In the overlay visualization (Figure 5), the term “machine learning” appeared in more recent years. The network visualization showed the most prevalent keywords to be “spine surgery”, followed by “outcomes”, “fusion”, and “complications.” Terms such as “quality of life”, “disability”, “questionnaire”, and “registry” appeared grouped together, while terms such as “risk factors”, “complications”, “length of stay”, “readmission”, and “database” occurred in close relation to one another. Other thematic clusters included words such as “machine learning”, “neurosurgery”, and “scoliosis”. Oncologic keywords did not appear in the analysis.
Keyword co-occurrence network visualizationEach keyword is depicted as a node. The size of each node represents the frequency of its use in the literature. Lines connecting the nodes represent their co-occurrence, as they appear together in individual publications. Thicker lines represent stronger connections, or more frequent use of two words together. Each color represents a different theme.
Discussion
The emergence of large databases represents a true paradigm shift for medical research. Our bibliometric analysis provides a comprehensive overview of the utilization of large databases in spine surgery, highlighting trends, areas of focus, and their geographic distributions. The application of bibliometric analytics allows for a dynamic, time-based deeper understanding of research interests within the scientific community and accepted scientific principles [3]. However, given the descriptive nature of this bibliometric analysis, we present observed publication and citation patterns without implying causality where interpretation is offered.

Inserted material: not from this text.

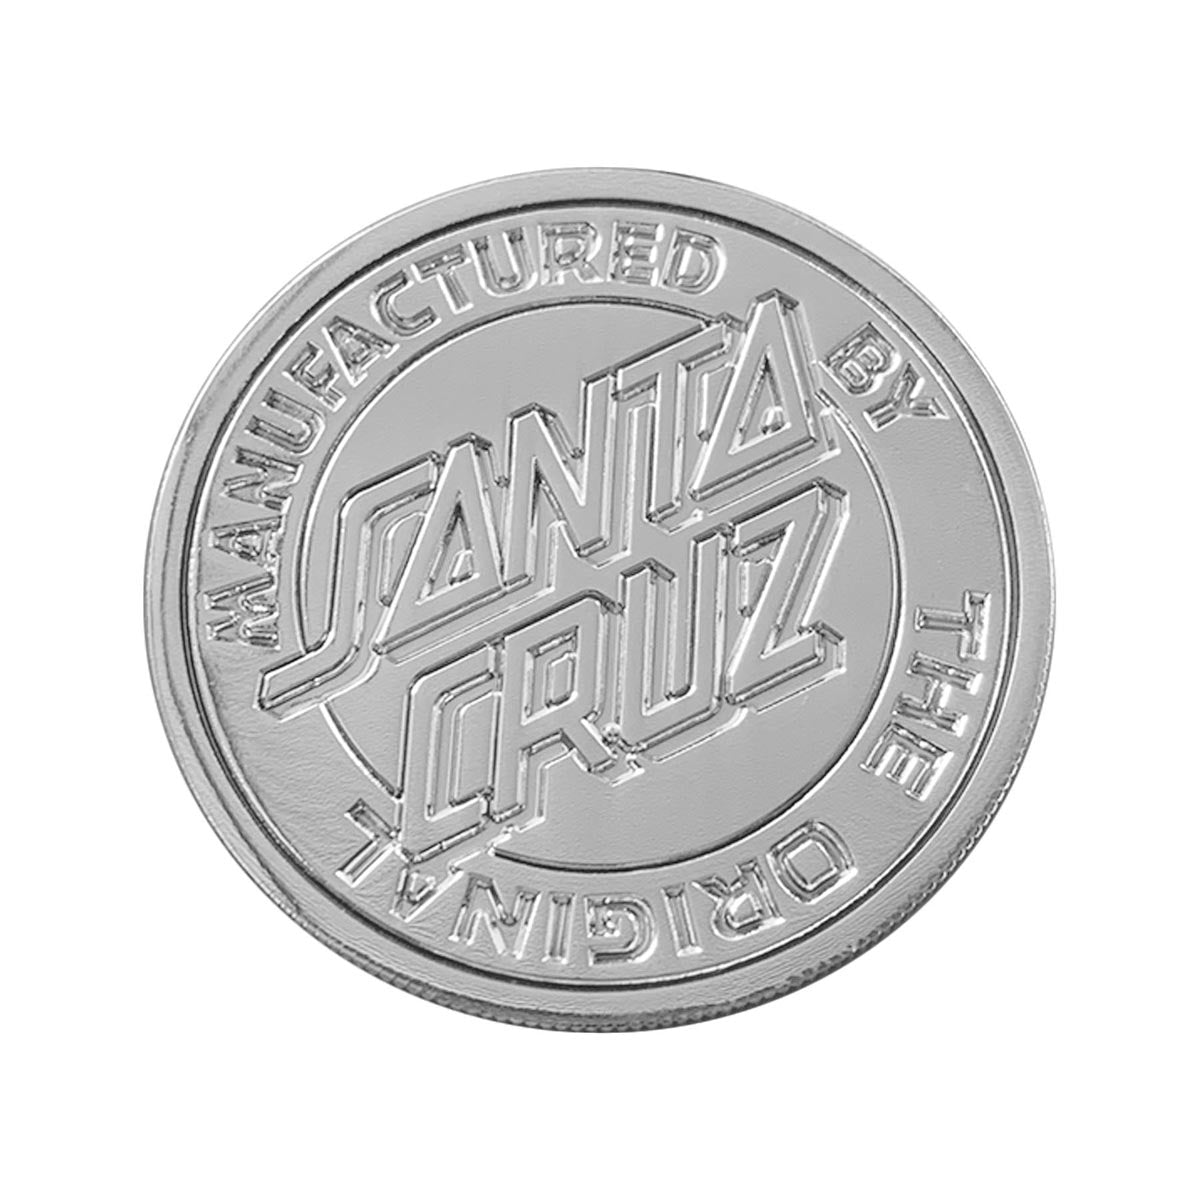 Santa Cruz Natas Screaming Panther Medallion - Silver image 2

Our analysis shows a greater-than-10-fold increase in total publications from 2012 to 2023, starting with eight publications and amounting to 85 more recently. Our finding is in keeping with other publications, such as Bohl et al., who showed that database utilization increased in orthopedic research overall, with its greatest usage in the subspecialty of spine surgery [3]. In contrast to the previous study by Kurland et al., who reported a steady 2.8% increase in total publications per year throughout spine surgery-related research, we found a far more dynamic and actually escalating database-derived research output [1]. This clearly underscores a growing value and interest in database analyses in spine research.
Regardless of the specific increase in numbers, all of these findings, as well as ours, support the growing recognition of database-derived research as being meaningful in addressing complex clinical research hypotheses, such as outcomes and risk-factor analyses. In the analysis of such hypotheses, especially when utilizing large, heterogeneous, multi-center datasets and being cognizant of their potential limitations, these research tools have proven to be of increased validity in overcoming institutional bias. In general, the number of large database resources has increased logarithmically with rising computing power and enhanced end-user utility. While the exact number of available databases worldwide is unknown, noteworthy, sustained data collection efforts, such as The National Inpatient Sample (NIS) - an example of an administrative database implemented by the Healthcare Cost and Utilization Project (HCUP) - have been operational since 1988 [12]. In contrast, more focused databases and professional society-based registries, such as the Nationwide Readmissions Database (founded in 2010) and the Nationwide Ambulatory Surgery Sample (NASS, founded in 2016), have been operationalized more recently [13,14]. The crucial, increased focus on patient safety has been reflected in the creation of a targeted registry database in the form of the American College of Surgeons National Surgical Quality Improvement Program, established in 2005 [15]. The utility of such databases is shown by the fact that these are the most frequently used resources in orthopedic research [3,10]. Certainly, the increase in the number of available databases and the relative simplicity of performing large-scale population-based research may explain the increased representation in overall scientific research output. We observed higher publication counts during the 2019-2021 interval. Although this period overlaps with the COVID-19 pandemic, our data do not allow attribution of publication volume changes to pandemic-related disruptions or shifts in clinical activity. However, the benefits of accessing and analyzing large quantities of retrospective data in a contactless fashion might have been a factor contributing to that rise. We indeed found an increase in total publications during that time, from 59 in 2019 to 68 in 2021, dropping back down to 60 in 2022.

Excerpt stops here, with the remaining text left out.